- 著者
-
安岡 孝一
- 出版者
- 京都大學人文科學研究所
- 雑誌
- 東方學報 (ISSN:03042448)
- 巻号頁・発行日
- vol.83, pp.349-360, 2008-09-25
This is a report of the proceedings of the research seminar "Constructing Kanji (漢字) Informatics", which was held from 2004 to 2008, coordinated by Yasuoka Koichi. The seminar started out with considering a hierarchical model for representing digital text using a model consisting of four layers as follows : image layer, text layer, syntax layer and semantic layer. To better understand the relationship of the image and text layer, we spent some time analyzing and trying to understand the rules for vertical layout of complex text in Japanese and other East Asian languages, including the handling of pronounciation guides (so called 'ruby') The next step was to invert the direction and try to identify characters on the image representation of a text, in the same way an optical character recognition program procededes.

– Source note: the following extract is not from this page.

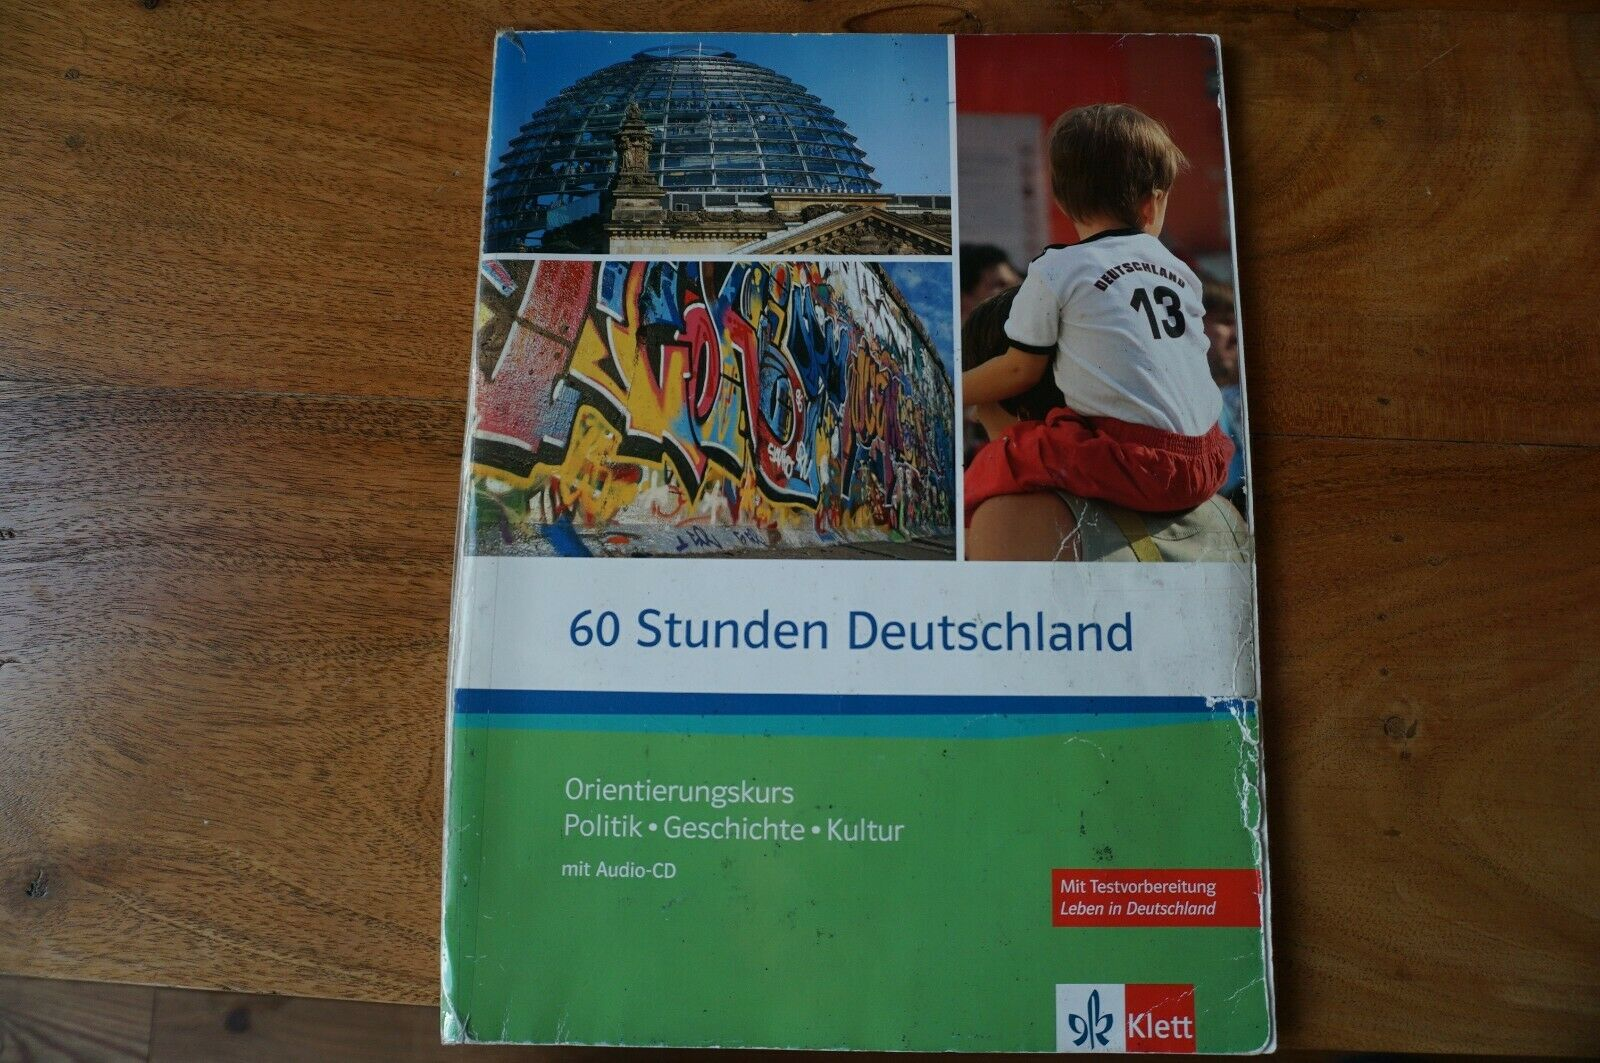 60 Stunden Deutschland Von Ondrej Kotas Ina Schiffhauer Johanna Skrodzki Und Angela Kilimann 2013 Geheftet

This turned out to be not so easy, especially with stone rubbings that exhibit a irregular layout of the characters, but worked reasonably well for characters in a regular grid. In moving to the syntactic and semantic layer, the final topic for the seminar was to consider methods for adding punctuation marks (dots) to a Chinese text without any punctuation. After trying a number of different statistical approaches, like looking at characters that appear before or after punctuation dots in already punctuated texts, 2-grams, or even rhyme patterns it became evident that a purely statistical approach would not give the desired results, but that it was necessary to also to take grammatical relations into account. The most promising approach in this respect seemed to be use text with reading marks for kanbun, which do provide some basic grammatical annotation. It was therefore decided to devote a follow up seminar to the development of a corpus of kanbun annotated text that could be used as training and test material for morphological and syntactical parsers.